Sur les hauts de la rivière Qaylozï, qui prend sa source dans les Monts-Abakan*, se trouve une vaste étendue boisée du nom de Qazïrgan. Là, nous chassons. La dernière fois, à la saison de la chasse, j’ai visé un écureuil. Mon père bougea, partit plus loin, l’écureuil fila. Et puis à ce moment, j’ai entendu quelqu’un appeler une fois, appeler deux fois ; quand j’ai entendu pour la troisième fois : « Mikit, viens ici ! », j’ai répondu : « C’est bon, je viens ». Je me lève pour partir et il n’y a personne… Je me dirige vers mon père. Il me dit : « Qu’est-ce que tu viens faire ? » Je dis : « Je viens parce que j’ai cru que toi tu m’appelais ». En fait, c’était le Maître de la Montagne qui avait crié.

*

Un homme part à la chasse. Le soir, il parvient à une cahute quelque part. Il s’installe pour la nuit et se met à jouer du komouz*. Du profond du bois sort une jeune fille qui s’installe près du feu. Cette fameuse jeune fille écoute avec attention chants et contes. Plus tard, du même fourré, sortent deux hommes. Ils s’approchent et l’un d’eux réprimande vigoureusement la jeune fille : « Tu restes là à écouter des contes et mon étalon aux sabots blancs nous a échappé ! »

Le jour suivant le chasseur obtint un beau butin de chasse : il tua un cerf maral aux sabots blancs.

9. Orion

(conte qazaq)

D’après le récit de Siyirbay, Qazaq du Tarbagatay*, les Qazaqs appellent les trois étoiles de cette constellation qui se tiennent côte à côte, les Trois-Mouflons, et les trois autres, les Trois-Chasseurs ; quant à la septième, ils l’appellent la Balle-du-Fusil.

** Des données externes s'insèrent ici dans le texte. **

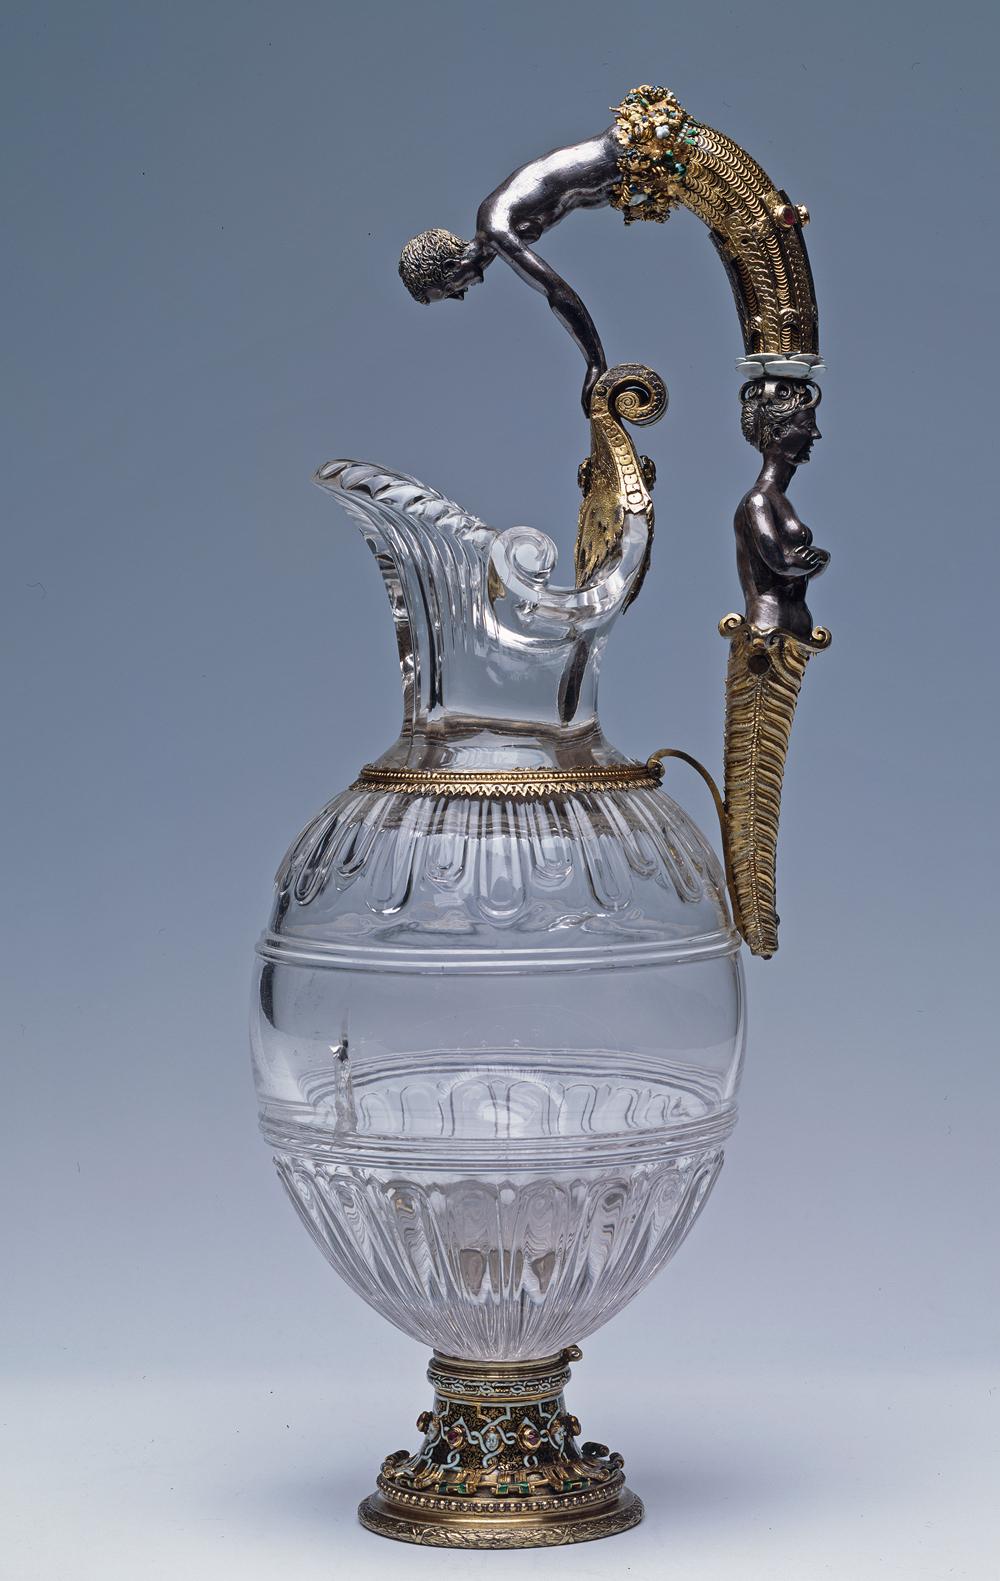 Хрустальный кувшин с ручкой в виде Нарцисса и Русалки

Au début, il n’y avait que les chasseurs sur la terre, ils ne laissaient aucune chance au gibier ni aux oiseaux. Les mouflons se plaignirent à Dieu de cela et lui les fit monter au ciel le long d’une corde. Mais les chasseurs montèrent aussi le long de cette corde. Ils furent maudits.

10. Les Pléiades

(conte qazaq)

On dit parmi le peuple : « Les Pléiades sont descendues sur terre, elles sont restées quarante jours sur terre. » A ce propos le récit suivant circule de bouche en bouche.

Pendant la période où les Pléiades sont descendues sur terre, c’est-à-dire à la fin de mai et durant le mois de juin, le sol a reverdi, l’herbe fraîche qui sert de nourriture au bétail a poussé vigoureusement et en abondance. C’est-à-dire que les Pléiades, après leur descente sur terre, se sont couchées sur le sol, elles se sont mises à attirer l’herbe vers le haut. Plus les Pléiades restaient couchées sur le sol, mieux ça valait pour le bétail. Cheval, chameau, vache, mouton, chèvre décidèrent d’empêcher les Pléiades de remonter au ciel, en les clouant à tour de rôle sous leurs sabots.